When you become successful, everyone wants to tear you down. In his day, nobody was bigger than William Shakespeare. He’s still big, it’s the plays that got small. Yet for some reason, there has long been a gaggle of scholars out to attribute most or even the entire Shakespearean canon to other writers. Director Roland Emmerich throws his lot in with the Stratford Truthers with Anonymous (trailer here), his bid for costume drama respectability, which opens today nationwide.

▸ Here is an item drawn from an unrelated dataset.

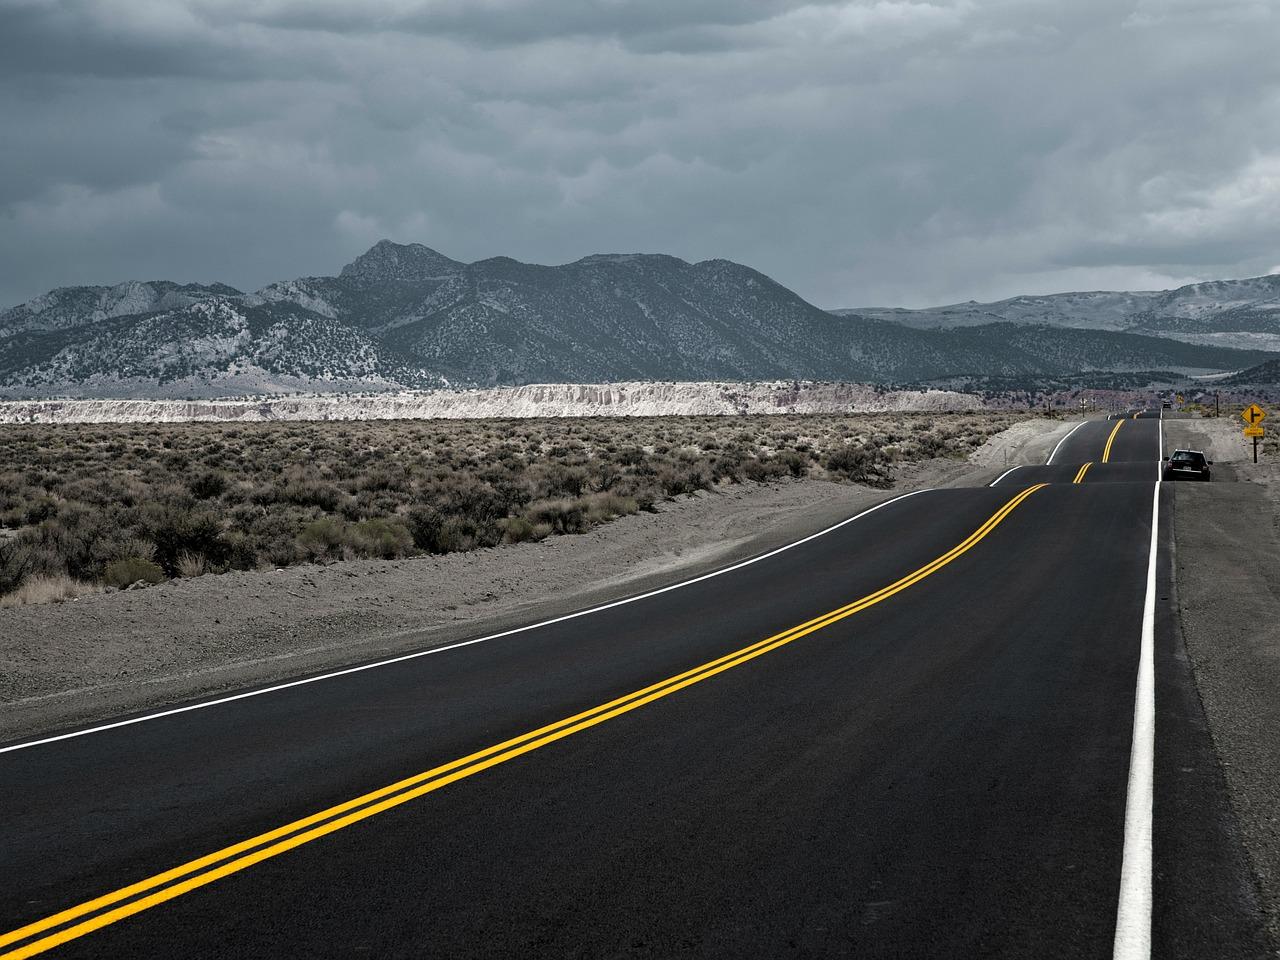 Highway (Bild: Knipsologe, Pixabay)

All those tragedies, comedies, pastoral-historicals, and sonnets were not the work of Shakespeare, but Edward De Vere, Earl of Oxford, a high-born failure with a scandalous past. A disaster at politics, Oxford is like an Elizabethan Walter Mitty, who simply cannot stop giving voice to the characters in his head. With the help of Ben Jonson, Oxford finally stages one of his dramas for the public. When the play is a smash, a crude but ambitious actor steps forward to claim authorship of the anonymous work. That of course would be Shakespeare.

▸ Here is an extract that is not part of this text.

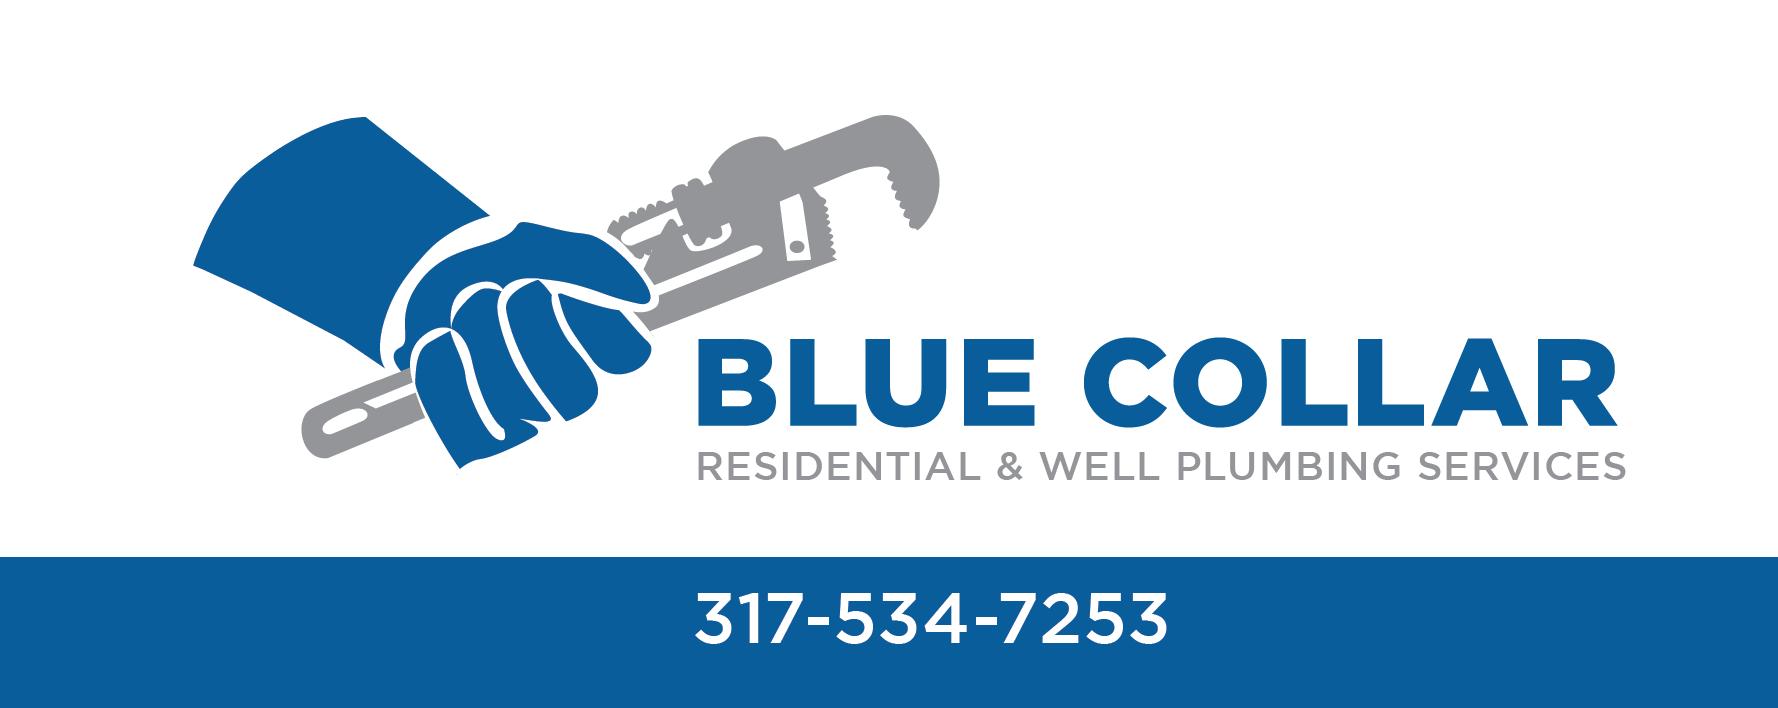 Facebook Cover Photo of Blue Collar Plumbing Brand

Neither Oxford nor Jonson think very much of Shakespeare, but they begrudgingly accept him as their public mask. Naturally though, many people suspect the truth, which will have dire political ramifications as the courtly intrigue builds towards the Essex Rebellion.
Screenwriter John Orloff (whose great-grandparents were Fibber McGee and Molly according to IMDb) plays it decidedly fast and loose with historical dates and events, but that can ultimately be forgiven (assuming he really did write Anonymous). Indeed, he makes some clever connections between the plays and figures of the era, most notably Oxford’s nemesis, the Queen’s councilor Robert Cecil.
However, his case for Oxford is considerably problematic. We are told Shakespeare could read (or else how could he function as an actor), but was incapable of writing even a single letter. This notion is difficult to buy into. For various reasons, great efforts are made to keep Oxford’s authorship a secret, yet it seems like half the court already knows. We are even told Oxford staged some of his work for Elizabeth when they were on better terms, so who are they actually fooling?
What really works in Anonymous is Rhys Ifans as Oxford. He plays the Earl exactly as we would like to imagine Shakespeare: a world weary romantic humanist. Indeed, the whole point seems to be Shakespeare’s soul is found in his work, regardless of his biographical particulars. Conversely, centuries later we still seem to love to hate Christopher Marlowe, so the common rabble can enjoy hissing at Trystan Gravelle, who portrays the Doctor Faustus playwright as a snippy conniver.
Light years away from his typically apocalyptic fare, such as 2012 and Independence Day, Emmerich’s approach is still quite visually dynamic. There are also some impressive set pieces that vividly bring Elizabethan London to life. Unfortunately, his management of the two-track flashback narrative structure gets a bit clumsy at times. The lack of a genuine romance also hurts the film, not just in comparison to the obvious antecedent, Shakespeare in Love, but to help explain Oxford/Shakespeare’s lyrically melancholy sensibilities.
Technically accomplished, Anonymous features a strong ensemble cast, but the extent to which it stretches credibility and leaves conspicuous questions unanswered becomes distracting. An interesting home viewing choice perhaps but hardly an essential trip to the theater, Anonymous opens today (10/28) in New York at the Village East.